■ The problem ■
After locating "Hollanda: Günde 250" in the listing below, copy that line and each one after it exactly, ending with the line that has "نقشه شهر همدان".

--------------------------------------------------

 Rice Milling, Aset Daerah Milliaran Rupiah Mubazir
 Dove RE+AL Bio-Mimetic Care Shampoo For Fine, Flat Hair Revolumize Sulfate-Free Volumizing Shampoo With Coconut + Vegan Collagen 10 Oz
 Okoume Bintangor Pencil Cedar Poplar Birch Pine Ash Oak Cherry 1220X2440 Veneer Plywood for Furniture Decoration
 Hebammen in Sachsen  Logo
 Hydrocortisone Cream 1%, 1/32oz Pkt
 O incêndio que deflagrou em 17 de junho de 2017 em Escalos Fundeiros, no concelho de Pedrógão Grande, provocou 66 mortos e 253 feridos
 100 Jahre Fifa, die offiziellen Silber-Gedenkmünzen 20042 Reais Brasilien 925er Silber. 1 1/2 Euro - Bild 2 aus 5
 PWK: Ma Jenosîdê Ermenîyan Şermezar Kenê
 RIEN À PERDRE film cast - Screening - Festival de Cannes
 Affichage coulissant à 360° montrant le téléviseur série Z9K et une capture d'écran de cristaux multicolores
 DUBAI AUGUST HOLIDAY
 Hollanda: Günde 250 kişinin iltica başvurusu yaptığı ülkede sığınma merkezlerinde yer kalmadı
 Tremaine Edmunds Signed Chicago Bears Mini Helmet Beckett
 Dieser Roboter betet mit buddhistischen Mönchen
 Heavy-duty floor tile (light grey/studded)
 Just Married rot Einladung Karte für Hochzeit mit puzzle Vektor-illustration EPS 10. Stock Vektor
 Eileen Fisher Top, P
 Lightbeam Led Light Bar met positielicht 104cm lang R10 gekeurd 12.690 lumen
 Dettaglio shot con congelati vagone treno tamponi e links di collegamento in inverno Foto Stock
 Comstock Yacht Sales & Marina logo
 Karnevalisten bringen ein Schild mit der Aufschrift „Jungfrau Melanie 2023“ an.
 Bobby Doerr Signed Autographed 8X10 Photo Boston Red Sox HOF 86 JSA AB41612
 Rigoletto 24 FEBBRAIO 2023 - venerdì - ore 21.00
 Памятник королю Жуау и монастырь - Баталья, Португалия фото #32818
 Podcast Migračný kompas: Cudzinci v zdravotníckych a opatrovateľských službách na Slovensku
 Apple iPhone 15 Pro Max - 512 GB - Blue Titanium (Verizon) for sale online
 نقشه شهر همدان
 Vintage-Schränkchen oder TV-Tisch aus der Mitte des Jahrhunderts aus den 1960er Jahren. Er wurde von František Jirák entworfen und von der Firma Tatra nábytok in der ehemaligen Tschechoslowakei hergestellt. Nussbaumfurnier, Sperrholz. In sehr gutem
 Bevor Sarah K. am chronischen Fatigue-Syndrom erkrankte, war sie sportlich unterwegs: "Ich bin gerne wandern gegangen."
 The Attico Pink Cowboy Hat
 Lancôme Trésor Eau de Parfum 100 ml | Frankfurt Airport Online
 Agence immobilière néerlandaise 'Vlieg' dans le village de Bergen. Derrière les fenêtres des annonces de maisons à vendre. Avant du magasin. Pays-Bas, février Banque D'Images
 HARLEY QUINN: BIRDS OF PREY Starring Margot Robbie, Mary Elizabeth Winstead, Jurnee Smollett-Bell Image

--------------------------------------------------

■ The completed task ■
 Hollanda: Günde 250 kişinin iltica başvurusu yaptığı ülkede sığınma merkezlerinde yer kalmadı
 Tremaine Edmunds Signed Chicago Bears Mini Helmet Beckett
 Dieser Roboter betet mit buddhistischen Mönchen
 Heavy-duty floor tile (light grey/studded)
 Just Married rot Einladung Karte für Hochzeit mit puzzle Vektor-illustration EPS 10. Stock Vektor
 Eileen Fisher Top, P
 Lightbeam Led Light Bar met positielicht 104cm lang R10 gekeurd 12.690 lumen
 Dettaglio shot con congelati vagone treno tamponi e links di collegamento in inverno Foto Stock
 Comstock Yacht Sales & Marina logo
 Karnevalisten bringen ein Schild mit der Aufschrift „Jungfrau Melanie 2023“ an.
 Bobby Doerr Signed Autographed 8X10 Photo Boston Red Sox HOF 86 JSA AB41612
 Rigoletto 24 FEBBRAIO 2023 - venerdì - ore 21.00
 Памятник королю Жуау и монастырь - Баталья, Португалия фото #32818
 Podcast Migračný kompas: Cudzinci v zdravotníckych a opatrovateľských službách na Slovensku
 Apple iPhone 15 Pro Max - 512 GB - Blue Titanium (Verizon) for sale online
 نقشه شهر همدان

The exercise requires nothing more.